Response times are shown in Fig. 5 and Fig. 6. Since response times tend to be influenced by many factors, study researchers should discuss these and offer explanations or interpretations. In our first survey, it took a reminder to motivate half of the panellists to respond. We saw clear effects of sending out reminders: in the last rounds, we sent individualized reminders spread over a short period of time. This was done for logistical reasons so as to be able to contact panellists individually.
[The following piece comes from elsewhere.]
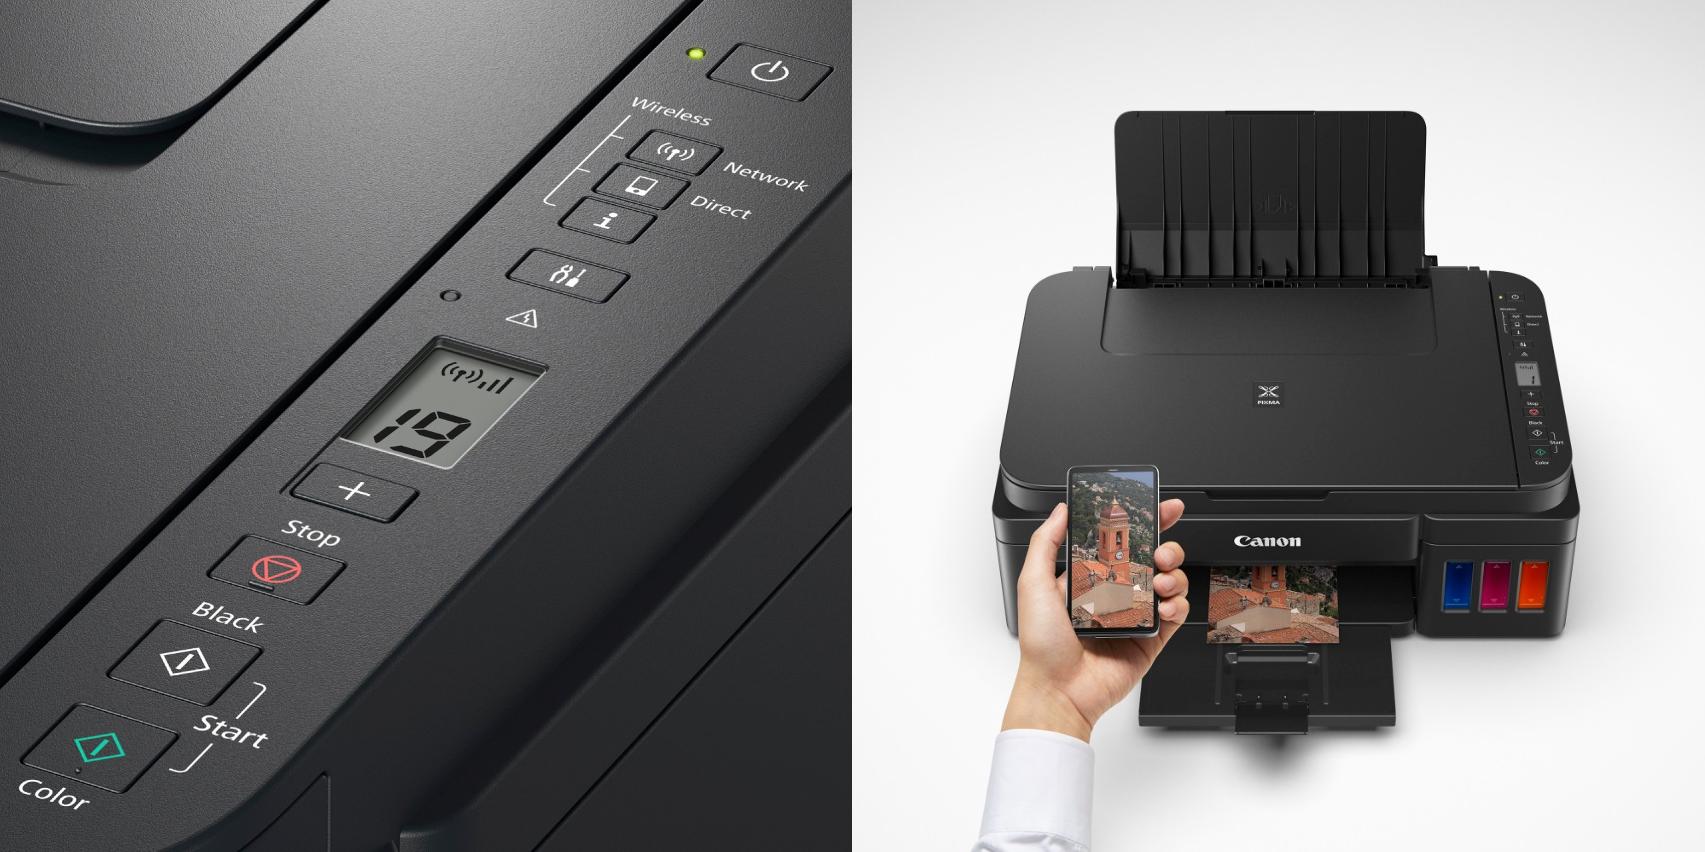 Impresora Canon Pixma 3110 + pantalla LCD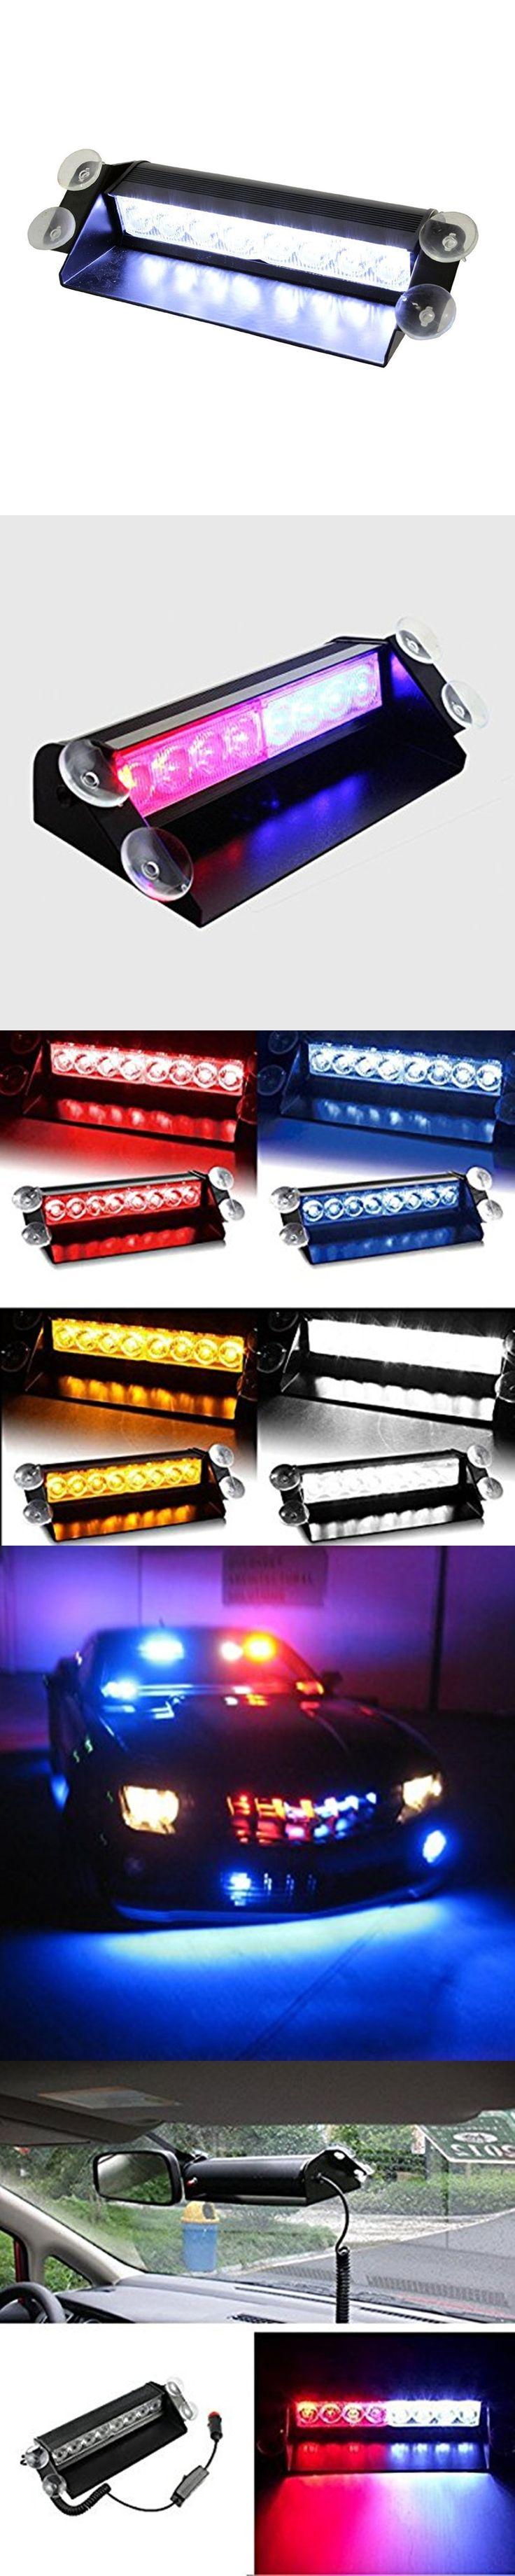 Car Styling 8 LED Colorful Warning Caution Van Truck Emergency Strobe Light Lamp Bar With Sucker On Windsheild

The duration of the first round in Part 2 proved to be longer than the duration of other rounds. The time needed to complete this survey was by far the longest, and therefore the research team felt that panellists should be allowed more time to submit their responses. The team did not, however, realize at that moment that response times were mostly influenced by delays in opening the survey rather than by the time that was needed to complete it. The third round was short, most likely due to the fact that by then consensus had been reached for most items. Furthermore, panellists might have had more time because the period concerned was a holiday period and reminders were sent out at an early stage. The longer duration of Round 4 was no surprise: with continuing rounds, panellists generally experience response exhaustions occurs in panellists [11], especially with busy experts and hard-pressed clinicians [10].

Conclusions

In conclusion, this article described the methodological considerations and relevant practical aspects of our Delphi study that resulted in a 100% response rate. This exemplifies the value of a systematic approach to design choices. Based on our experience, we advise those considering a Delphi study with the aim to reach consensus on a certain topic to do the following. Adopt the CREDES guideline. Consider a two-part design, including a first part to establish a common language and to familiarize both the panellists and the research team with the online tool that is used. Invest in ensuring personal commitment from the panellists during the recruitment phase. Set clear decision rules to enhance consistency during the process and to keep the process comprehensible for the panellists. Exclude items that have reached consensus from the next rounds, but use a confirmation round in which panellist are given the option to reintroduce such items into the discussion. Design the e-Delhi in a clear and consistent lay-out throughout the full study. Expect items that result in a negative advice to require more rounds before consensus is reached. Finally, send out reminders at an early stage. Our data suggest that delays in survey responses are usually due to participants not opening a survey rather than participants taking a long time to complete it. A rigorous plan for reminders will enhance both high response rates as well as a timely completion of surveys. Adopting this overall approach may assist researchers in the future execution of Delphi studies and may help them to enhance the quality of Delphi designs in terms of improved rigor and higher response rates.